The main delay-discounting procedure was identical to the one used in the third phase of training, except that the delay to the larger reward was increased daily according to the sequence of 2, 6, 18, 36, 48, 54, 60, and 66 s. Choice ratios (delay-lever presses/total lever presses) were calculated for each rat at each delay using the choice trial responses (ie, excluding single lever trials) summed across the three consecutive blocks.

Gene Expression Studies

Sample preparation

A total of 10 rats aged 5 months from control (n=10) and NIC (n=10) groups were killed by decapitation and the brains were immediately dissected. The striatum and a 2-mm slice from the frontal cortex were removed, snap frozen on dry ice, and stored at −80 °C until RNA extraction. RNA was extracted using Qiagen AllPrep RNA/DNA minikits (Qiagen, Crawley, UK). During the extraction procedure, RNA columns were treated with RNase-free DNase1 to eliminate genomic DNA contamination. Purity of RNA samples was assessed via the 260/280-wavelength ratio using a NanoDrop spectrophotometer. All ratios were of acceptable quality (RNA range; 1.88–2.38).

Quantitative measurement of gene expression using qRT-PCR

Housekeeping gene (HK) selection was performed using geNorm kits (PrimerDesign, Southampton, UK). The stability of 11 commonly used HK genes was assessed using 500 ng total RNA from 4 samples of each group. Samples were first strand reverse transcribed in 20 μl reactions using oligoT priming and Moloney murine leukemia virus (MMLV) reverse transcription (PrimerDesign). SYBR green chemistry was used to quantify HK mRNA following the manufacturer's guidelines for cycling conditions, with all samples run in duplicate (www.primerdesign.co.uk). GeNorm, a Visual Basic application tool in Excel, was used to statistically model the stability of the HK genes for accurate normalization of target genes. The geNorm output provides the user with the two most stably expressed HK genes, along with stability values for all genes analyzed. We chose three HK genes for normalization of target genes in each tissue: Cyc1, Mdh1, and Ywhaz for striatum and Cyc1, Mdh1, and Gapdh for frontal cortex.

Primers and PerfectProbe technology (PrimerDesign) were used to quantify five target genes; Th, Nr4a2, Slc6a3, Drd4, and Drd5, along with the three HK genes for each tissue. Primer sequences for target genes are given in Table 2. Total RNA was first strand cDNA synthesized in 20 μl reactions using oligoT priming and MMLV reverse transcription; qRT-PCR reactions were performed in triplicate.
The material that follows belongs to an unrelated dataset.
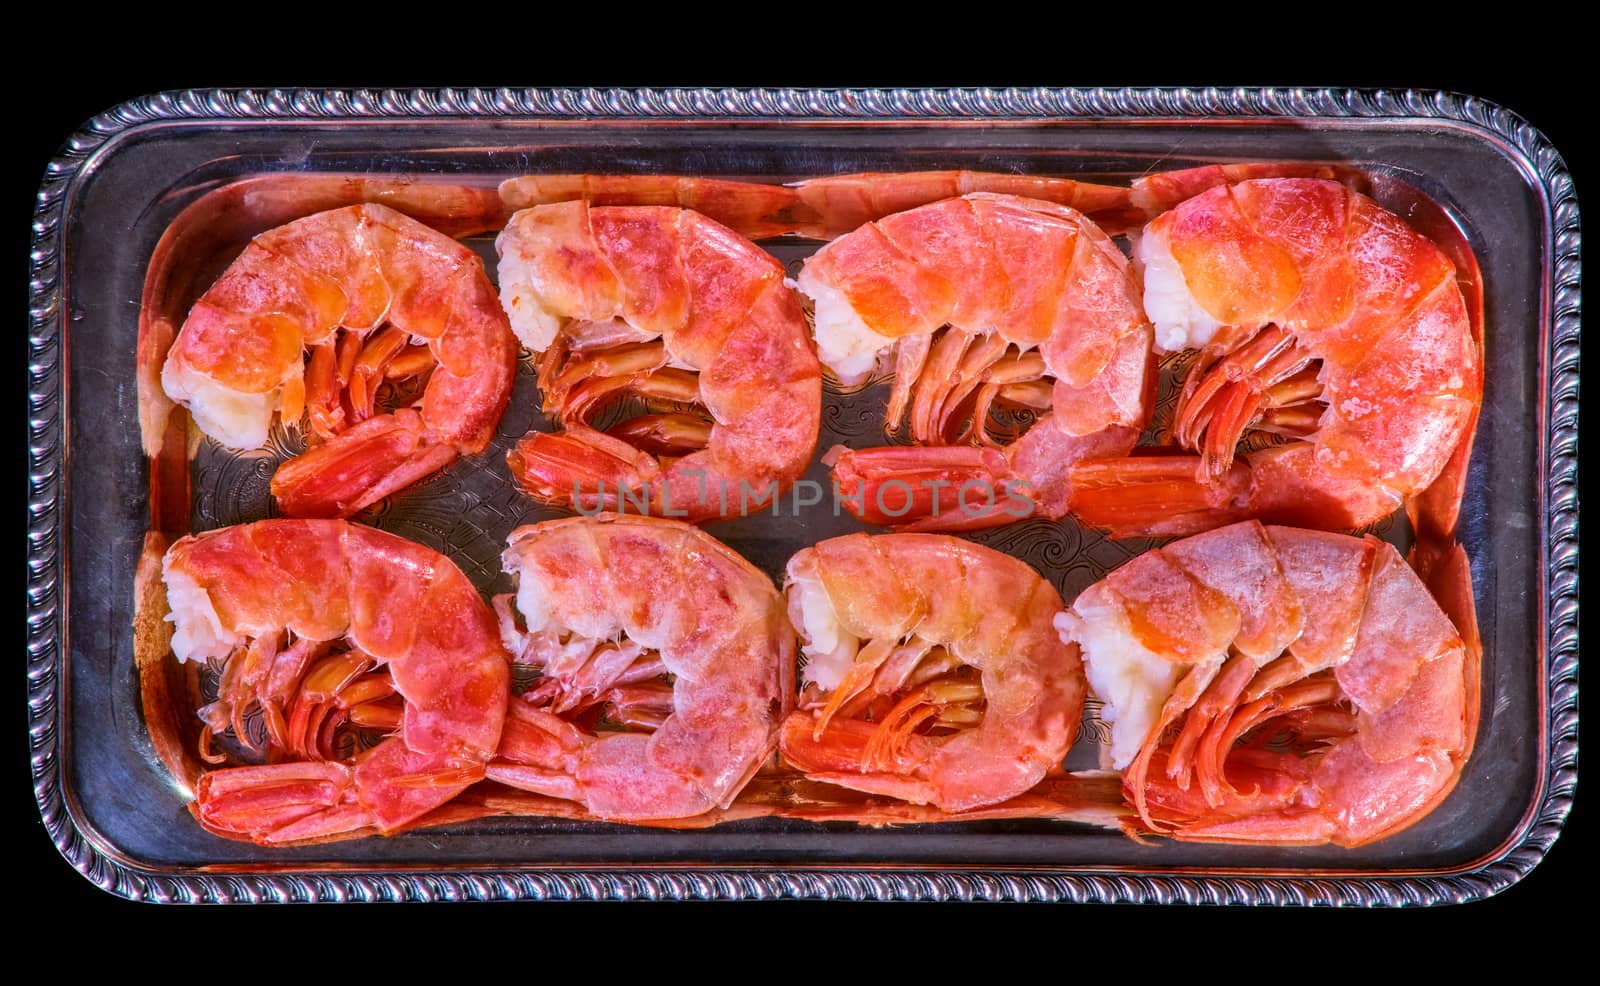 Healthy diet food: boiled wild tiger shrimps close-up on a plate on a table. by Fischeron

Table 2 Primers Used for Amplification of Five Target Genes

Statistical Analysis

Behavioral data were analyzed using one- or two-factor ANOVA followed by Bonferroni modified least significant difference test (LSD) for post hoc analysis. For maturational and developmental data, litter (only males) was used as the unit for statistical analysis. Thus, the data subjected to statistical analyses were means for entire litters rather than results for individual animals within litters. The 5-CSRTT percentage data for accuracy and omissions were arcsine transformed, and latency data were log transformed (Hahn et al, 2002). Spearman's rank correlation test was used to correlate measures obtained in the 5-CSRTT. For those variables assessed multiple times, age (PND) and day of training were used as repeated measures.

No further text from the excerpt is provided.